The group walked invasion beaches and former airstrips being reclaimed by jungle growth. They cruised through harbors once filled with warships and found relics on old battlegrounds.

While visiting Iron Bottom Sound, where over 100 New Zealand, Australian, American, and Japanese ships lie beneath the water, group member Ron Hosmer laid a wreath in honor of all those who perished and also to honor his father who served aboard the USS Lardner, a destroyer that was involved in many of the battles. Hosmer has been involved in another important memorial endeavor: he served as the construction project supervisor for the new World Trade Center Complex in New York City.

An important aspect of the voyage was to take 88-year-old U.S. Marine veteran Bill Kruschel back to the island of Pavuvu, the former site of his first Marine Division camp. Kruschel spent months on Pavuvu preparing for the Peleliu campaign. He served as a corpsman in the campaign, which turned into a two-month bloodbath. Giles filmed Kruschel as he explored the site and reminisced about his youthful memories, noting that, “I can’t tell you what this means to me after 67 years—I never thought I would see Pavuvu again.”

Giles recalled that a major highlight of the trip was the opportunity to visit and explore Plum Pudding Island, the island John F. Kennedy and his crew swam to after PT-109 was rammed and cut in half by the Japanese destroyer, Amagiri. Kennedy and the surviving members of his crew clung to the wreckage of the 109 but were eventually forced to swim three miles to the island which today has become an almost mythic location in the region. Members of the group swam in the waters in which Kennedy’s group struggled and some waded ashore to relive the experience of arriving on the island.

It was after all of these adventures that something unexpected happened. While exploring the infamous Alligator Creek battle site on Guadalcanal and finding rare battle relics, an island youth accompanying the group offered a dog tag he said he’d found on the site the week before. Giles was able to determine its authenticity, so Bill Coulson, a former Assistant U.S. Attorney from Chicago, decided to bring it home and find the owner: Everett W. Hancock of North Carolina. After the trip, Coulson was able to track down Hancock’s son and grandson – the soldier had passed away in 1970. The story was featured in the Chicago Sun-Times and the return of the dog tag to the Hancock family in October, during a ceremony aboard the USS North Carolina in the harbor at Wilmington, NC, was covered by Fox News and other media.

“We were able to close the circle of the dog tag’s odyssey—from North Carolina in the 1940s over dangerous waters to Guadalcanal, then 65 years lying in the mud there, and then finally back home to North Carolina to Everett Hancock’s family,” Coulson said. “It brought the War back to life for us.

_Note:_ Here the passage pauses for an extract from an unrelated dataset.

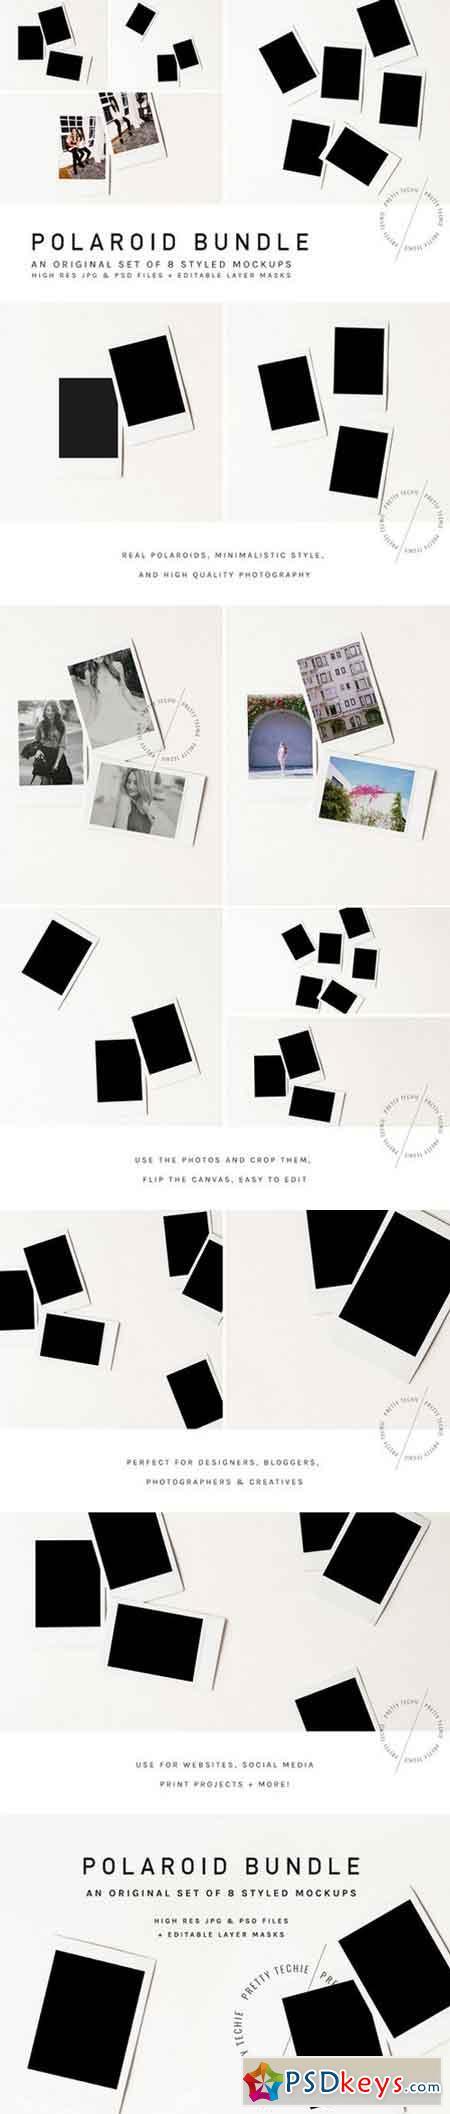 Polaroid Mockup Bundle 791168

And it taught us that we should never forget our veterans and their families, regardless of the passage of time and great distances.”

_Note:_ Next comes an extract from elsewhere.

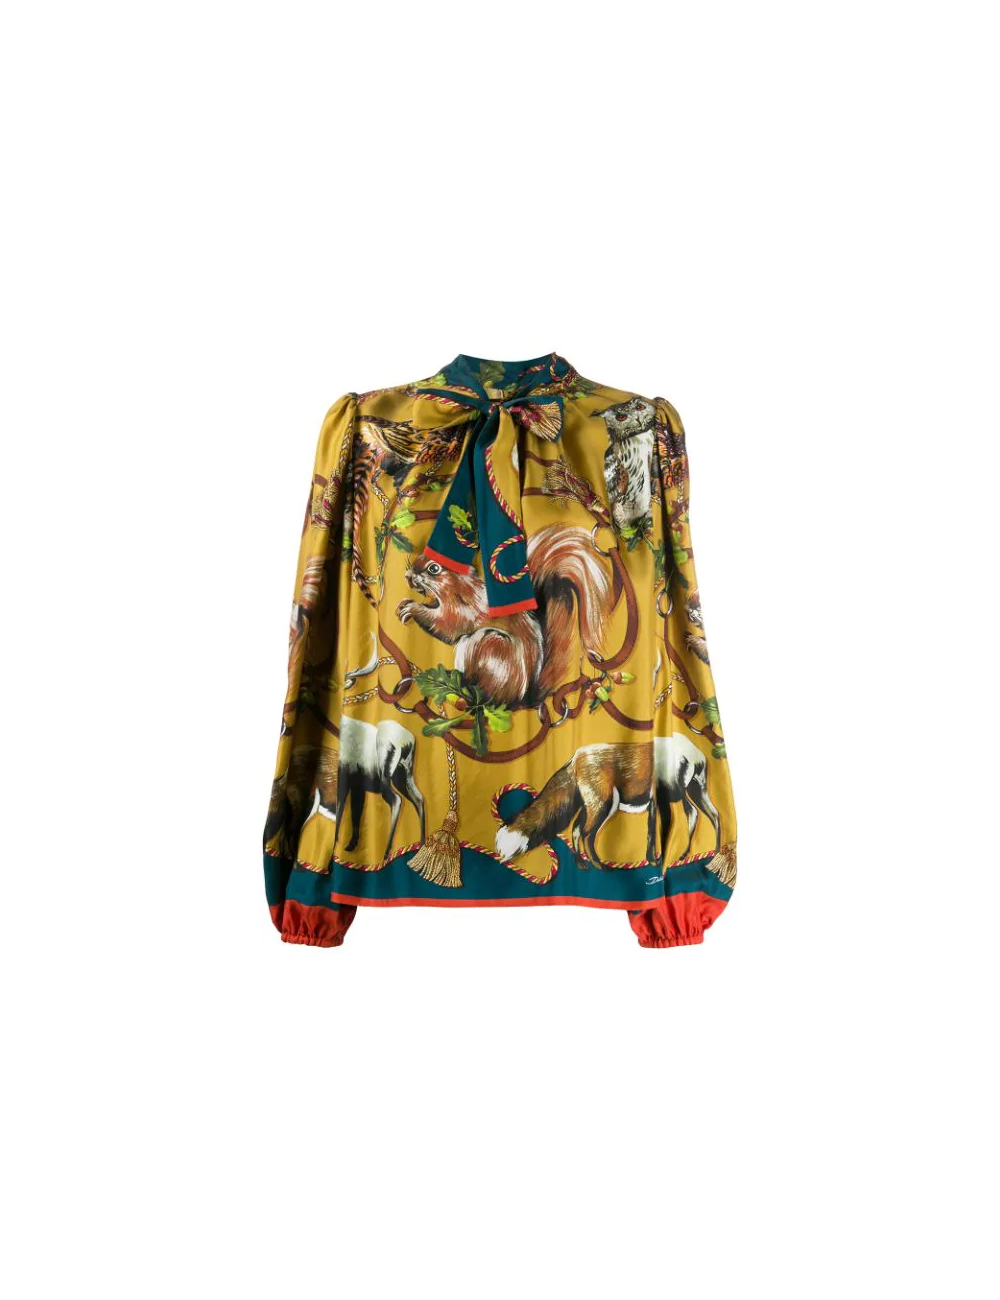 Printed blouse Dolce Gabbana - BIG BOSS MEGEVE

Giles noted that every effort to preserve the history of what happened in the Pacific 70 years ago is also a wonderful way to honor the nation’s veterans, and the memories of the soldiers who fought there.

“This cruise will be a treasured memory for all who participated in it and the fact that it has helped to reconnect a veteran’s family with an important and very personal piece of history makes the trip that much more poignant,” Giles said. “It was a wonderful way to honor the memory of those who served.”